Reis constructed an apparatus consisting of a tympanum in combination with a current-contact-regulator, or “interruptor,” which worked on this principle of variable contact, and he called it “The Telephone” (see pp. 57, 85). The very same apparatus we now-a-days call a “Telephone-transmitter,” or simply a “transmitter.” It is curious to note that Reis seems to have regarded his receiver or “reproducing-apparatus” as no new thing. He says explicitly (p. 56) that his receiver might be replaced by “any apparatus that produces the well-known galvanic tones.” “The Telephone” was with Reis emphatically the transmitter.

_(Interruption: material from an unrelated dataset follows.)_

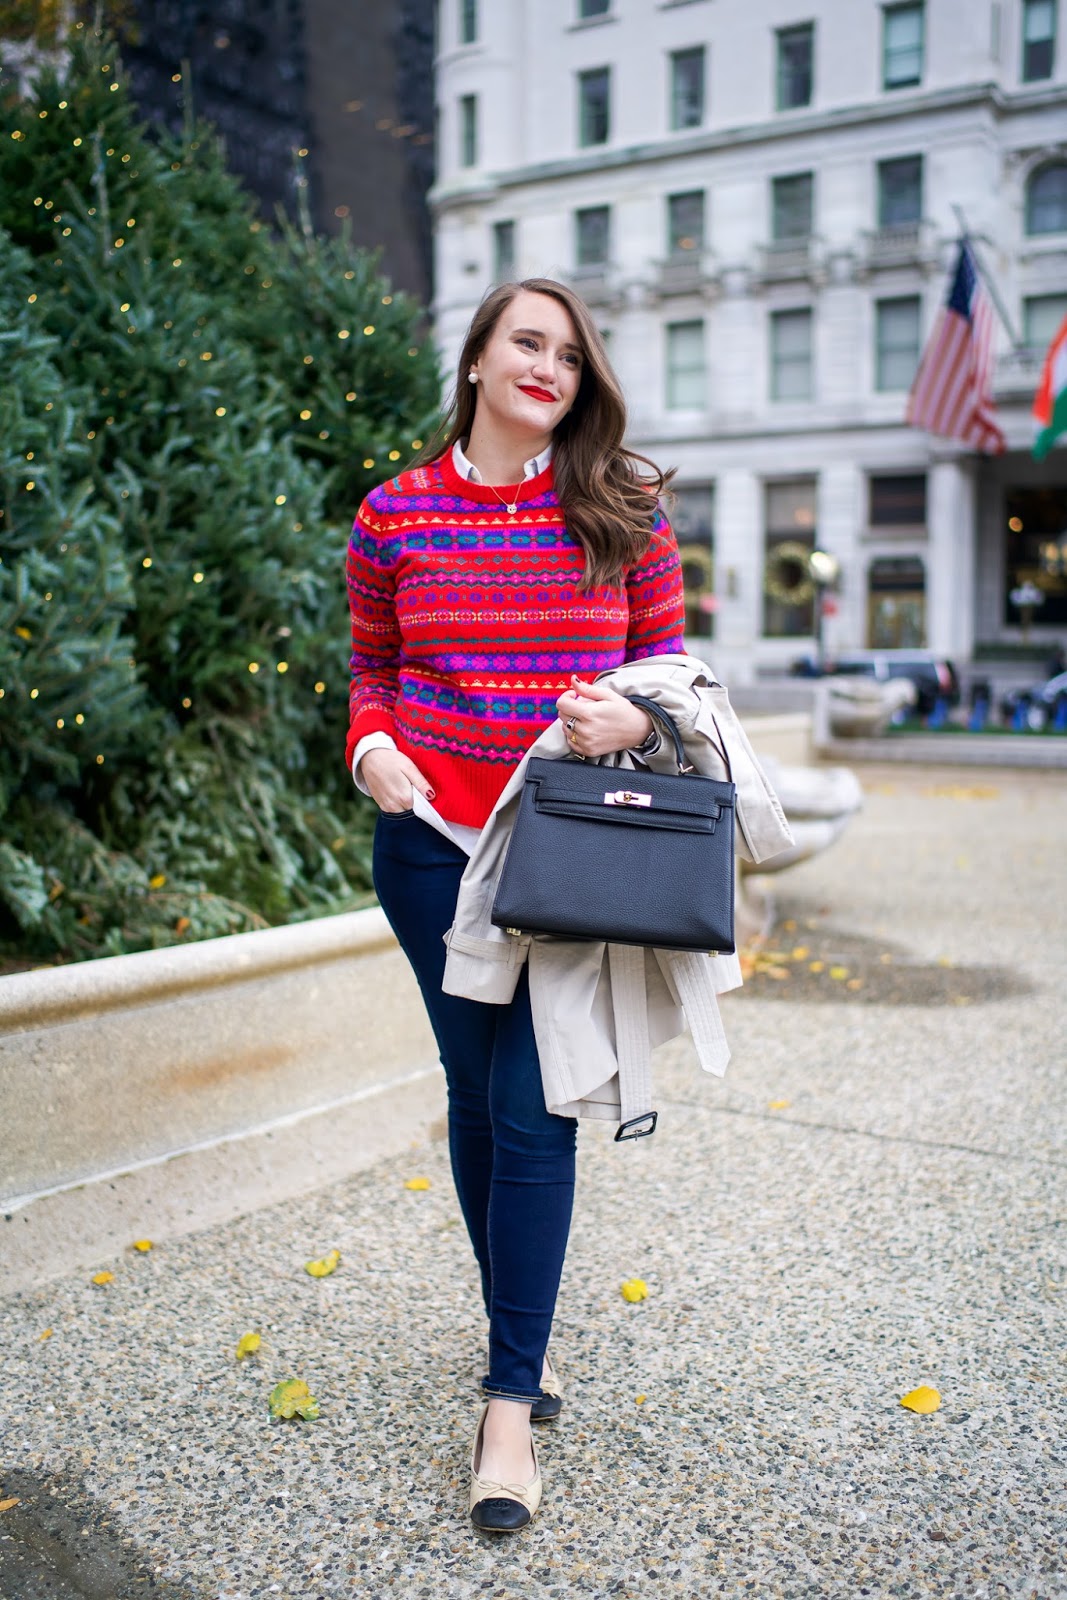 Holiday Fair Isle Sweater | Connecticut Fashion and Lifestyle Blog ...
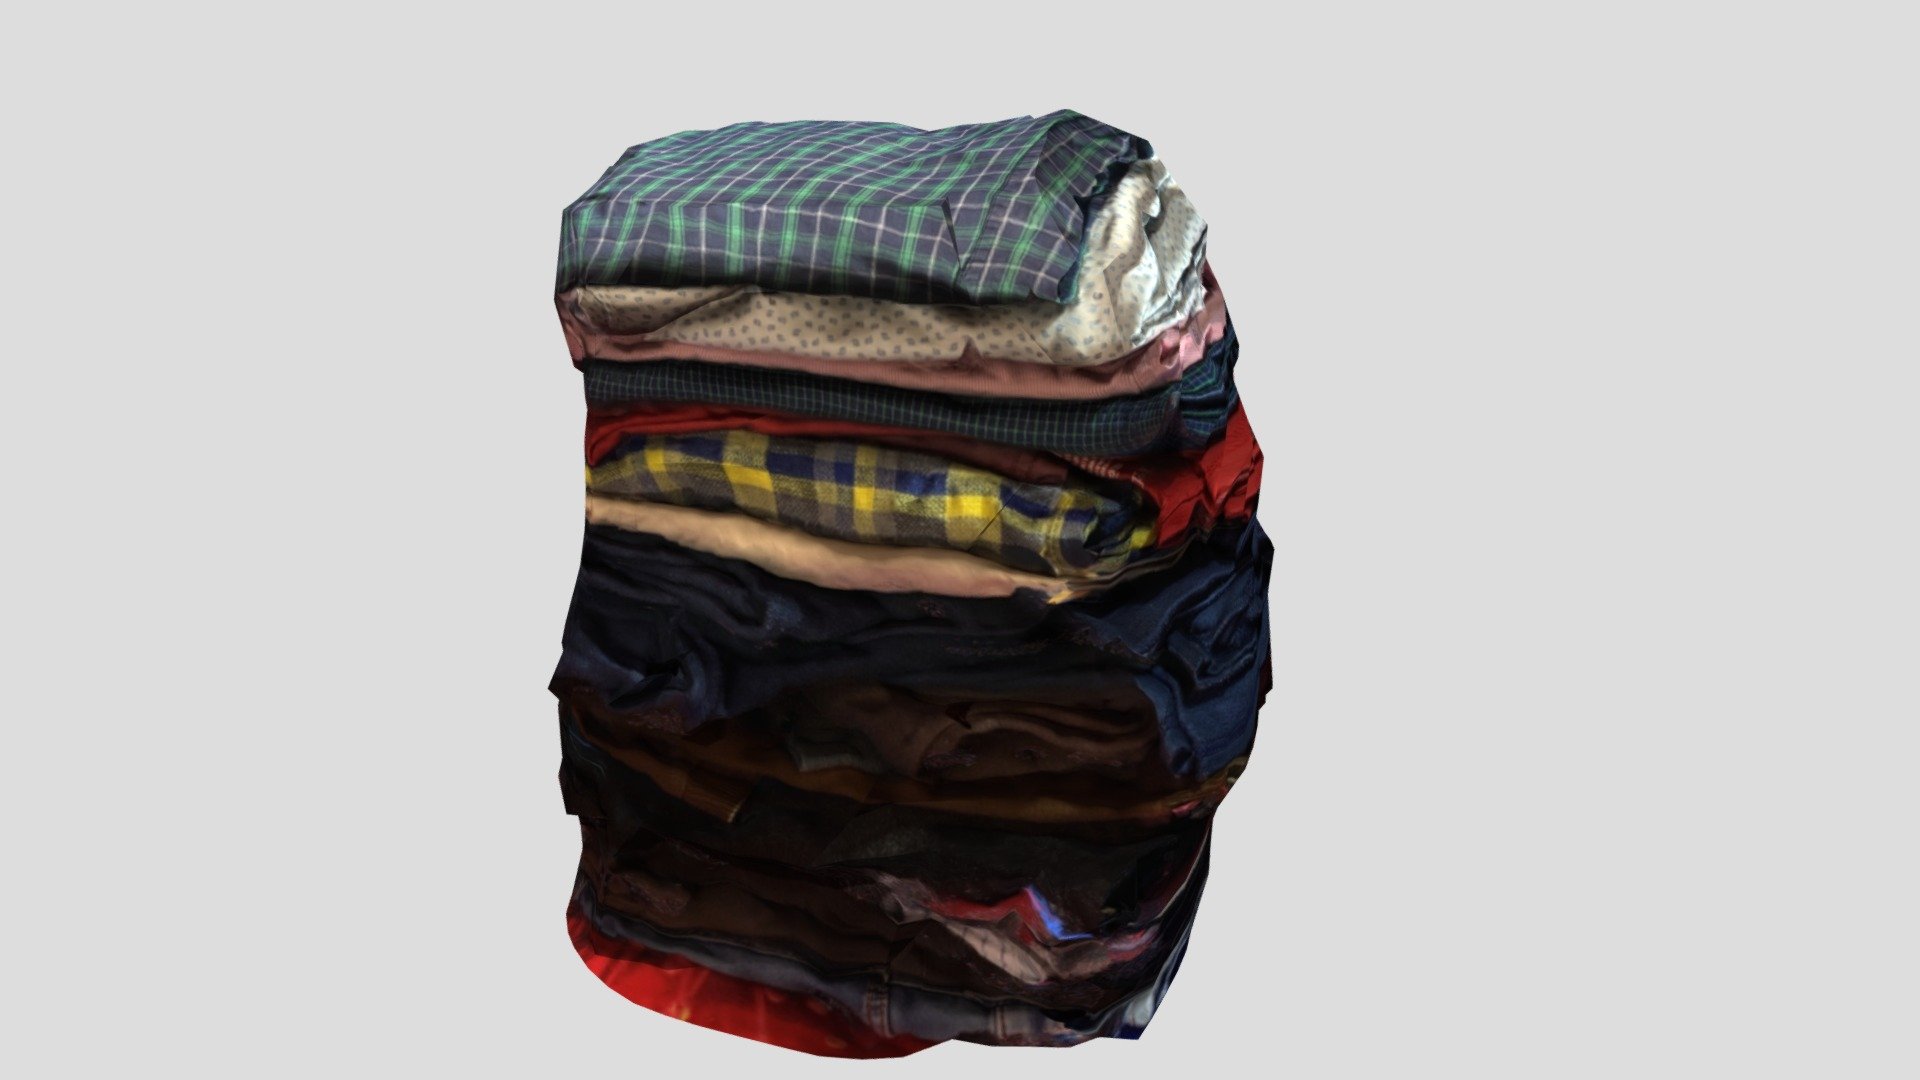 Contact - ujjvalvfxartist9211@gmail.com - Very Small Pile Of Cloth - 3D model by Ujjval Singhal (@ujjvalvfxartist9211) 3d model

Bell in 1876 invented an instrument which would act either as transmitter or receiver, and which, though never now used as transmitter, is still called “a Telephone.” Edison’s “sound-telegraph,” or “telegraphic apparatus operated by sound,” was patented in 1877. In his specification he never called his transmitter a “telephone;” that name he reserved exclusively for his receiver. He found it, however, convenient a year later to rechristen his transmitter as the “carbon telephone,” though throughout the whole of his specification neither “carbon” nor “telephone” are mentioned in connection with the transmitter! Within that year Hughes had brought out another instrument—“The Microphone”—which, like Reis’s instrument, embodied the principle of variable contact. Hughes’s instrument, usually constructed with contacts made of loose bits of coke-carbon, was simply a Reis’s Telephone minus the circular tympanum; and the really important new fact it revealed, was that very minute vibrations, such as those produced by the movements of an insect, when transmitted immediately through the wooden supports, sufficed to vary the resistance of a telephonic circuit, though far too slight in themselves to affect it if they had to be first communicated to the air and then collected by a tympanum. Put a specific tympanum to a Hughes’s microphone, and you get a Reis’s telephone. Take away the tympanum from a Reis’s telephone, and you get a Hughes’s microphone. Hughes is not limited to one material, nor is Reis. But the fundamental principle of the electrical part of each is identical. The Blake transmitter ([Fig. 44]), and the Berliner transmitter, and also Lüdtge’s microphone,[48] which was even earlier than that of Hughes, are all embodiments of the same fundamental principle of variable contact which Reis embodied in his “Telephone.”